The entire listing that follows must be repeated exactly, pictures excluded.

• [Source data]:
------------------------------

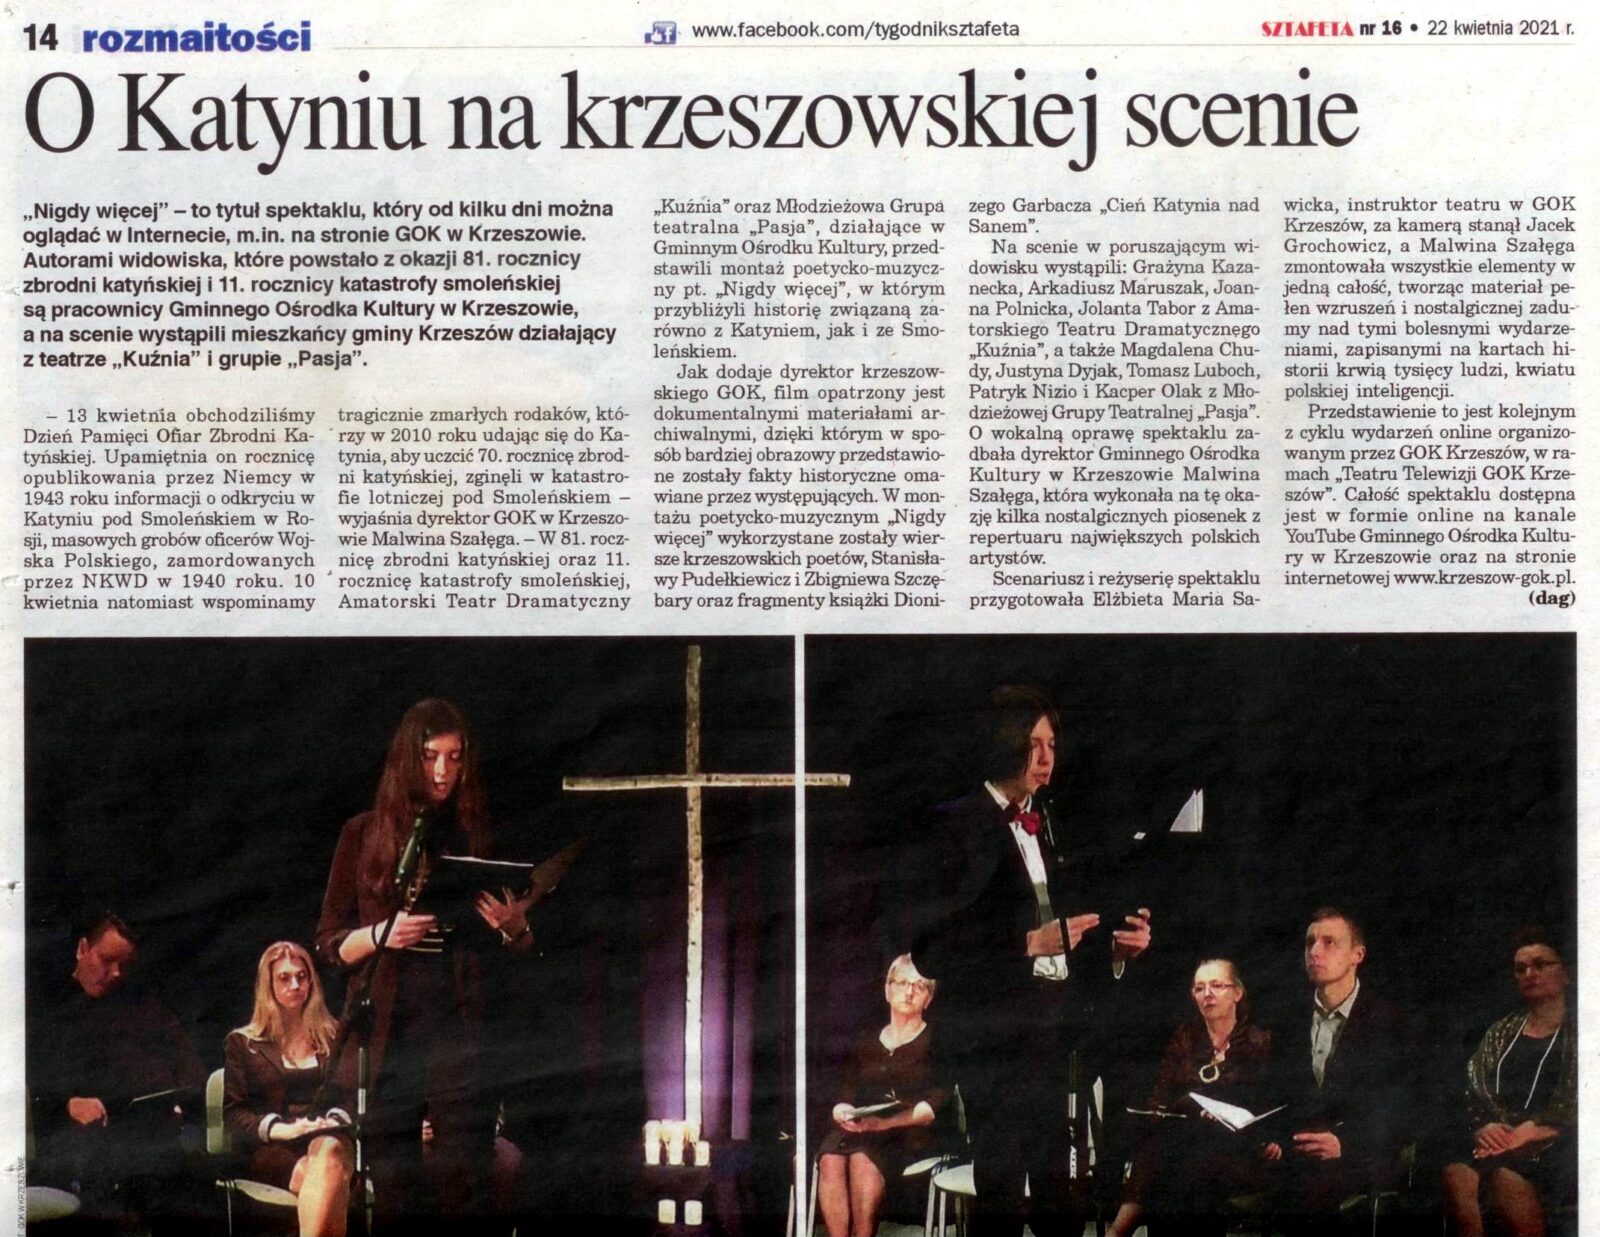 “Teatr Telewizji GOK Krzeszów” w lokalnej prasie
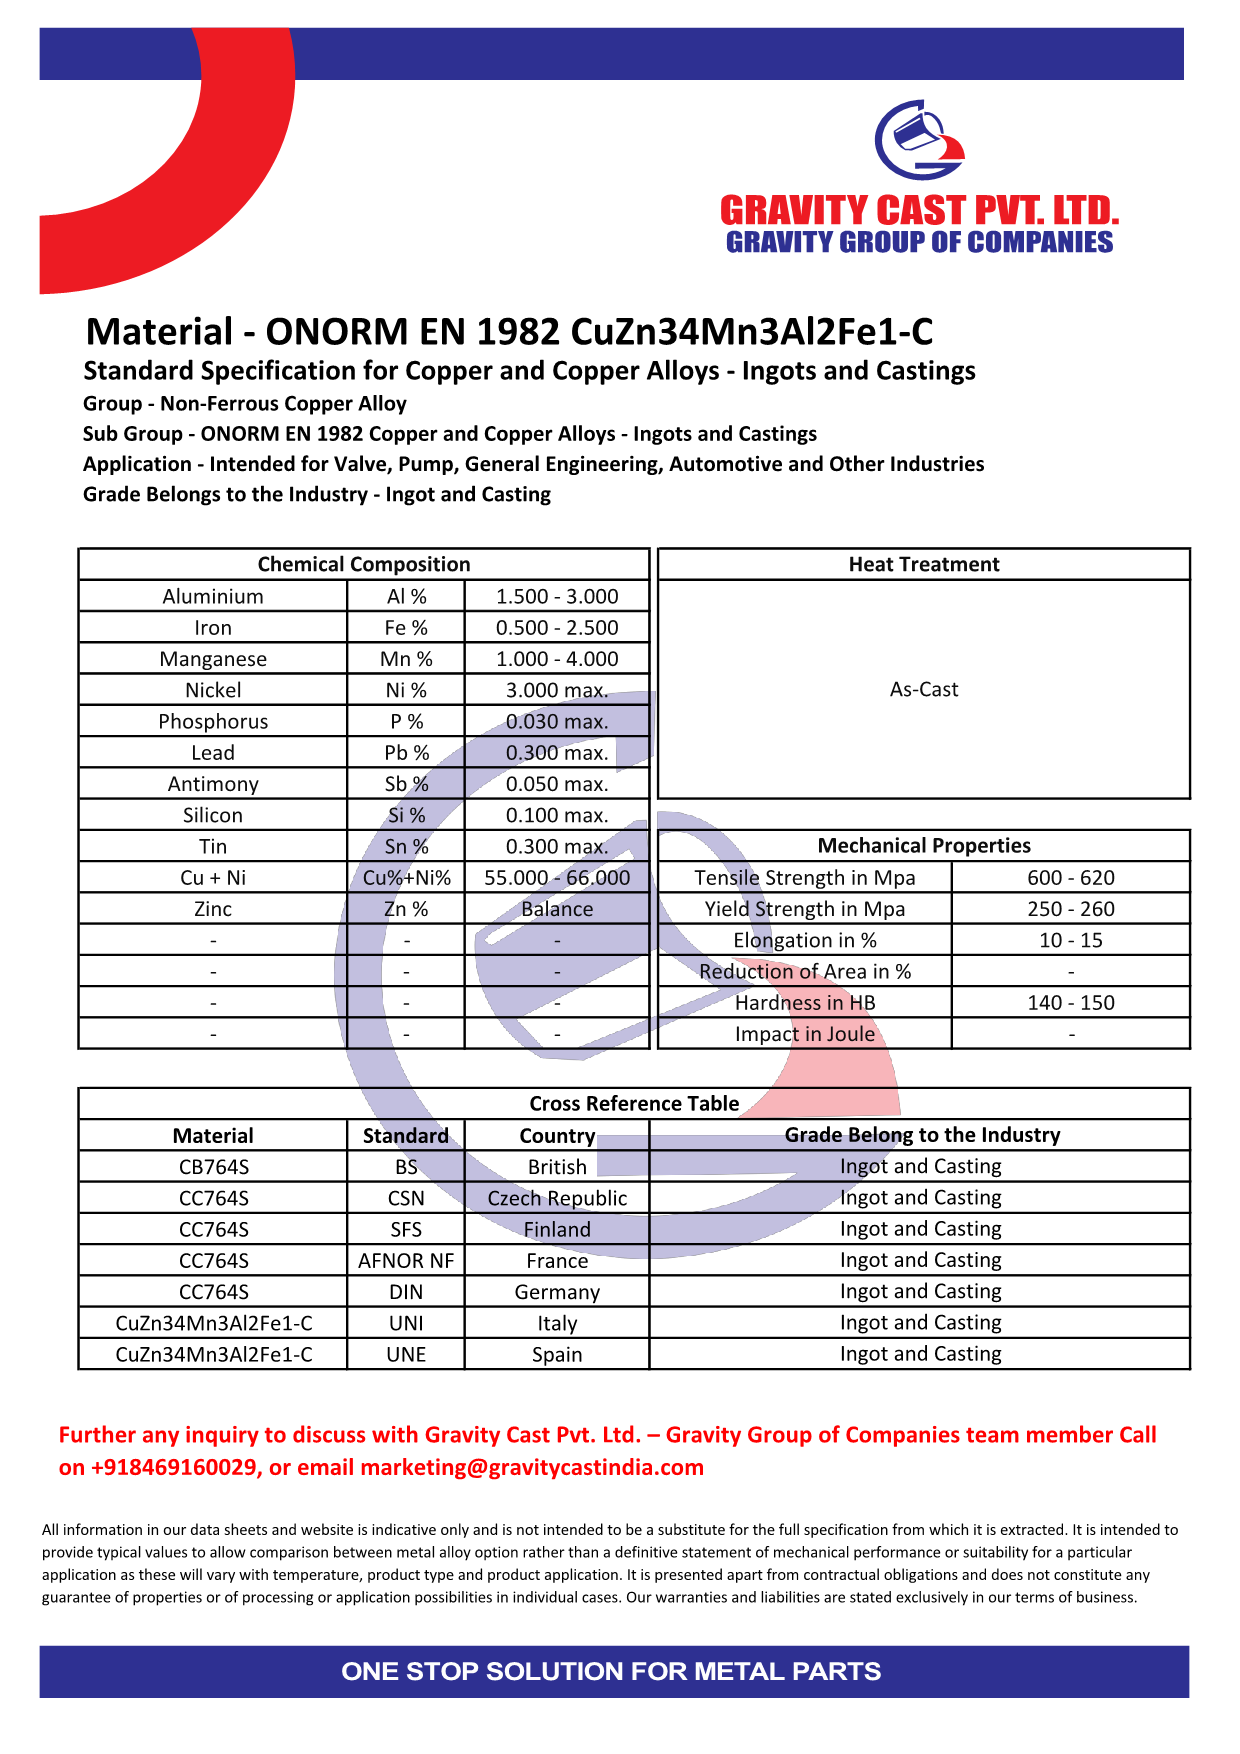 ONORM EN 1982 CuZn34Mn3Al2Fe1-C.pdf
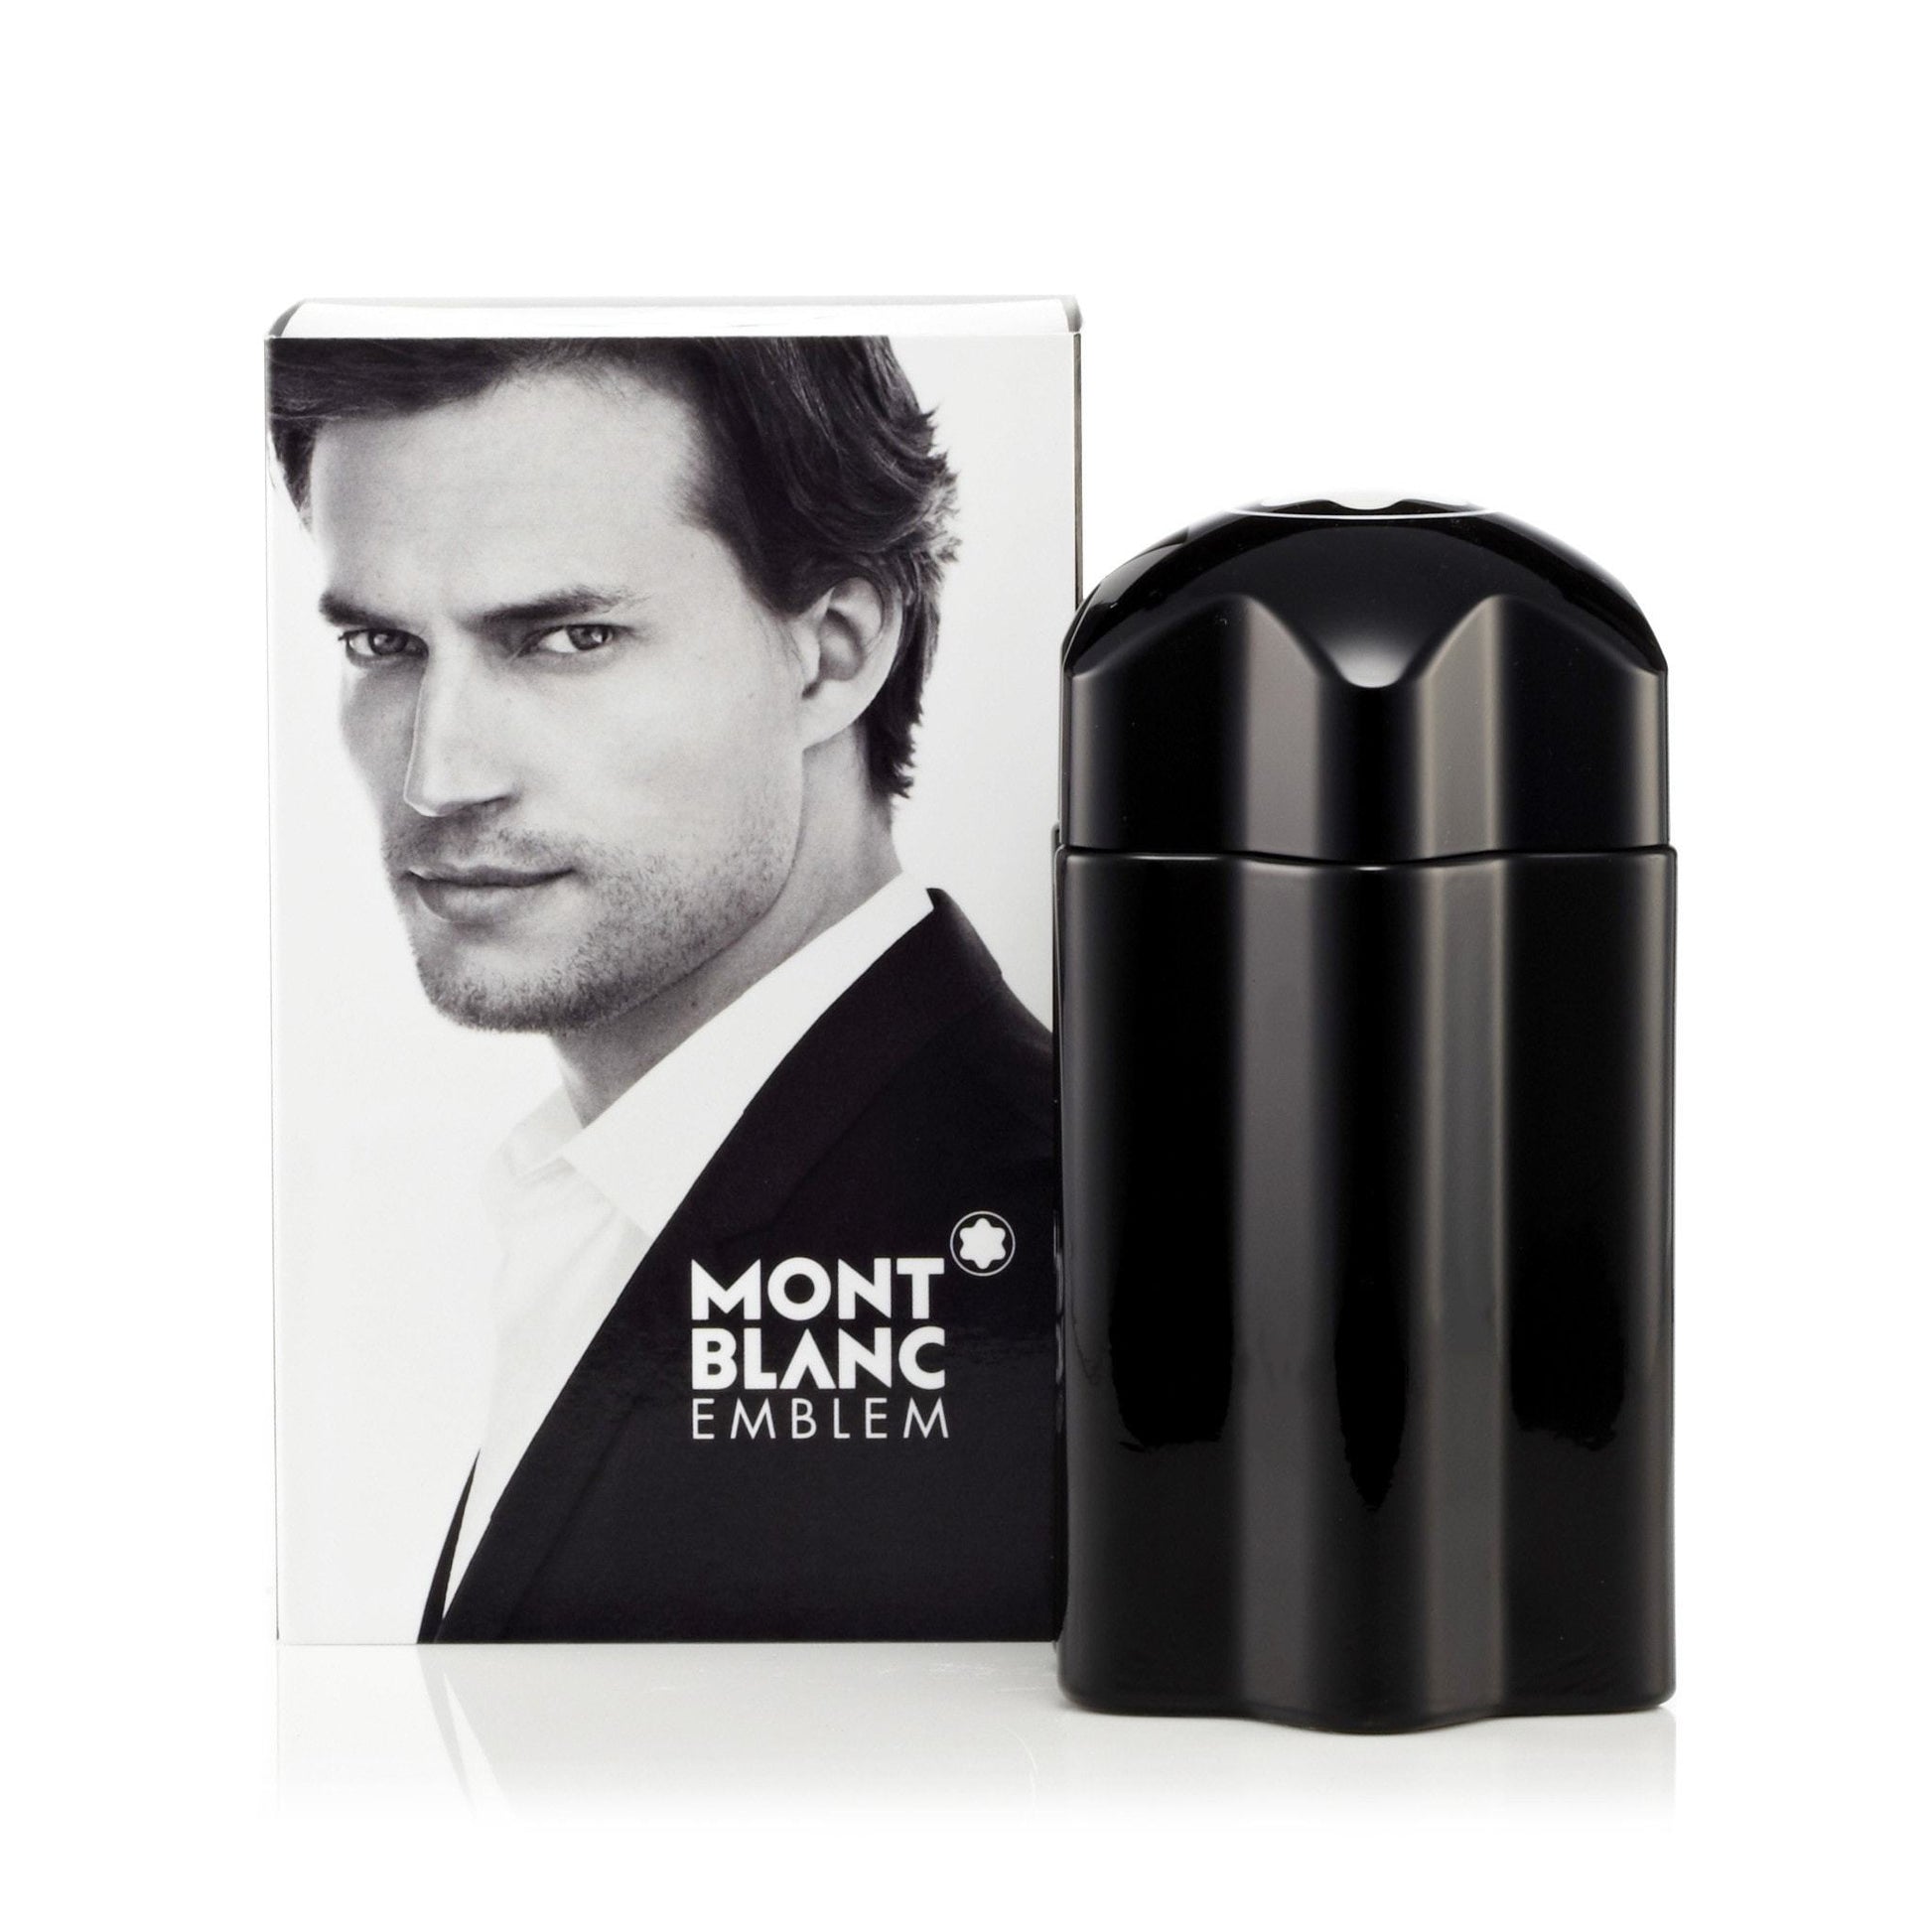 Emblem Eau de Toilette Spray for Men by Montblanc, Product image 4

------------------------------

• [Your response]:
 “Teatr Telewizji GOK Krzeszów” w lokalnej prasie
 ONORM EN 1982 CuZn34Mn3Al2Fe1-C.pdf
 Emblem Eau de Toilette Spray for Men by Montblanc, Product image 4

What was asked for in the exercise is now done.